Chapter 4: Regression
Activity 7: Printing Various Attributes Using Model Object Without Using the summary Function
First, print the coefficient values using the following command. Make sure the output is like the output of the summary function using the coefficients option. The coefficients are the fitted values from the model that uses the OLS algorithm:
multiple_PM25_linear_model$coefficients
The output is as follows:
(Intercept) DEWP TEMP Iws 161.1512066 4.3841960 -5.1335111 -0.2743375
Find the residual value (difference) of the predicted and actual values of PM2.5, which should be as small as possible. Residual reflects how far the fitted values using the coefficients are from the actual value.

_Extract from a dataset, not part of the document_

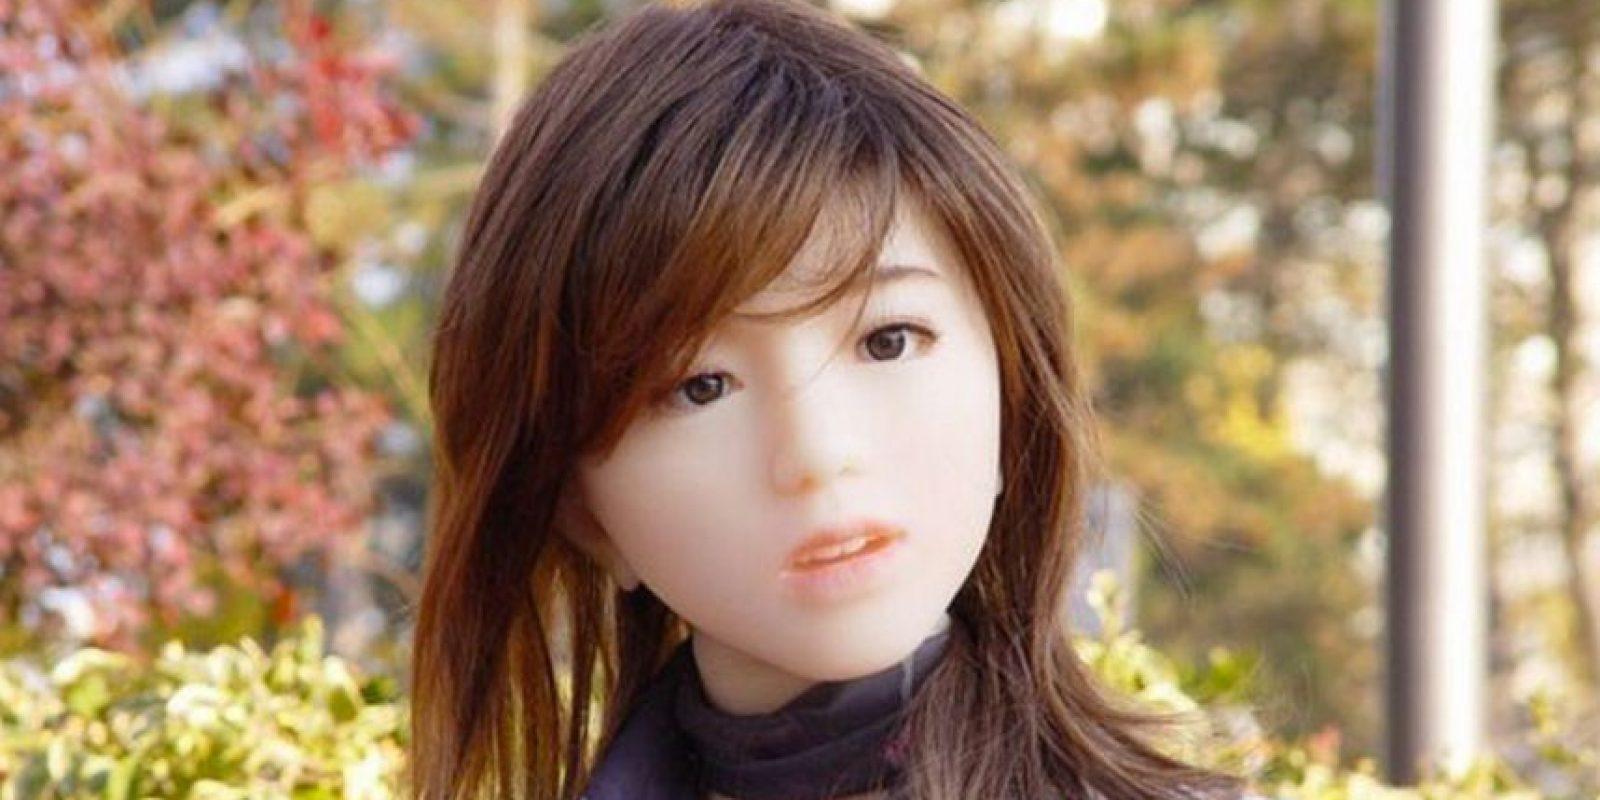 """""""Aiko"""" es un proyecto presentado en Canadá de un humanoide de aspecto femenino con sensores en los pechos y en la vagina artificial con los que el robot """"siente placer"""" Foto:Wikicommons"""

multiple_PM25_linear_model$residuals
The output is as follows:
25 26 27 28 17.95294914 32.81291348 21.38677872 26.34105878 29 30 31 32
Next, find the fitted values that should be closer to the actual PM2.5 for the best model. Using the coefficients, we can compute the fitted values:
multiple_PM25_linear_model$fitted.values
The output is as follows:
25 26 27 28 29 111.047051 115.187087 137.613221 154.658941 154.414781 30 31 32 33 34
Find the R-Squared values. They should look the same as the one you obtained in the output of the summary function next to the text Multiple R-squared. R-Square helps in evaluating the model performance. If the value is closer to 1, the better the model is:
summary(multiple_PM25_linear_model)$r.squared
The output is as follows:
[1] 0.2159579
Find the F-Statistic values. Make sure the output should look same as the one you obtained in the output of the summary function next to the text F-Statistics. This will tell you if your model fits better than just using the mean of the target variable. In many practical applications, F-Statistic is used along with p-values:
summary(multiple_PM25_linear_model)$fstatistic
The output is as follows:
value numdf dendf 3833.506 3.000 41753.000
Finally, find the coefficient p-values and make sure the values should look the same as the one you obtained in the output of the summary function under Coefficients for each variable. It will be present under the column titled Pr(>|t|):. If the value is less than 0.05, the variable is statistically significant in predicting the target variable:
summary(multiple_PM25_linear_model)$coefficients[,4]
The output is as follows:
(Intercept) DEWP TEMP Iws 0.000000e+00 0.000000e+00 0.000000e+00 4.279601e-224
The attributes of a model are equally essential to understand, especially in linear regression than to obtain the prediction. They help in interpreting the model well and connect the problem to its real use case.